CVE-2022-27490

Name of the Vulnerable Software and Affected Versions FortiManager versions 6.0.0 through 6.0.4 FortiAnalyzer versions 6.0.0 through 6.0.4 FortiPortal versions 4.1.x through 5.3.8 FortiPortal versions 5.0.x through 6.0.9 FortiSwitch versions 6.0.x through 7.0.4 FortiSwitch versions 6.2.x through 6.4.10

Description The issue is related to the exposure of sensitive information to unauthorized actors. An attacker with access to a restricted administrative account can obtain sensitive information via diagnose debug commands. This is due to a lack of protection for service data.

Recommendations For FortiManager versions 6.0.0 through 6.0.4, update to a version that includes a fix for this issue. For FortiAnalyzer versions 6.0.0 through 6.0.4, update to a version that includes a fix for this issue.
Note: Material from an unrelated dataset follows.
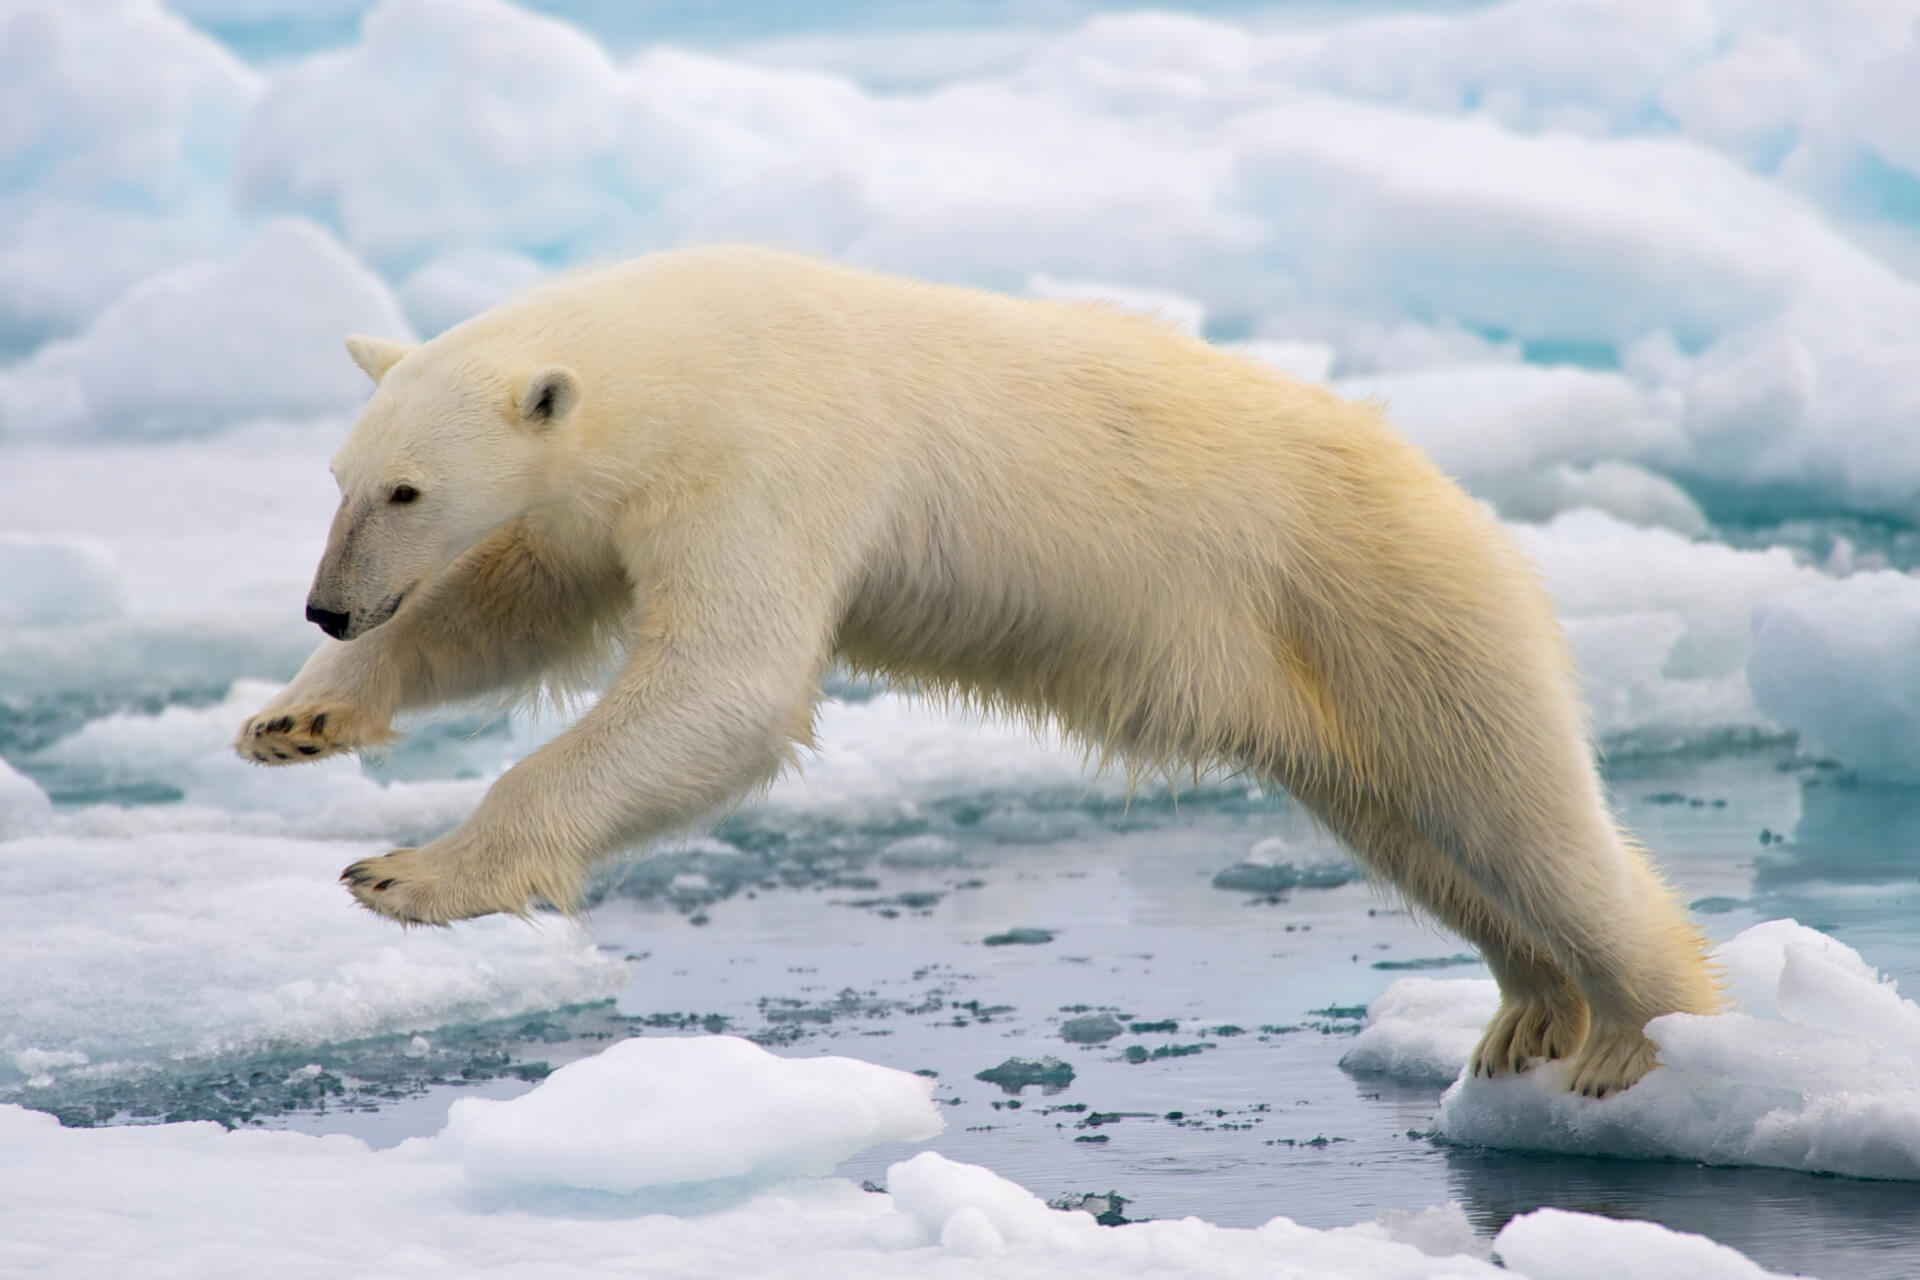 The polar bears are thriving (despite what David Attenborough says!) (newbraveworld.org)

For FortiPortal versions 4.1.x through 5.3.8, update to a version that includes a fix for this issue. For FortiPortal versions 5.0.x through 6.0.9, update to a version that includes a fix for this issue. For FortiSwitch versions 6.0.x through 7.0.4, update to a version that includes a fix for this issue. For FortiSwitch versions 6.2.x through 6.4.10, update to a version that includes a fix for this issue. As a temporary workaround, consider restricting access to diagnose debug commands until a patch is available.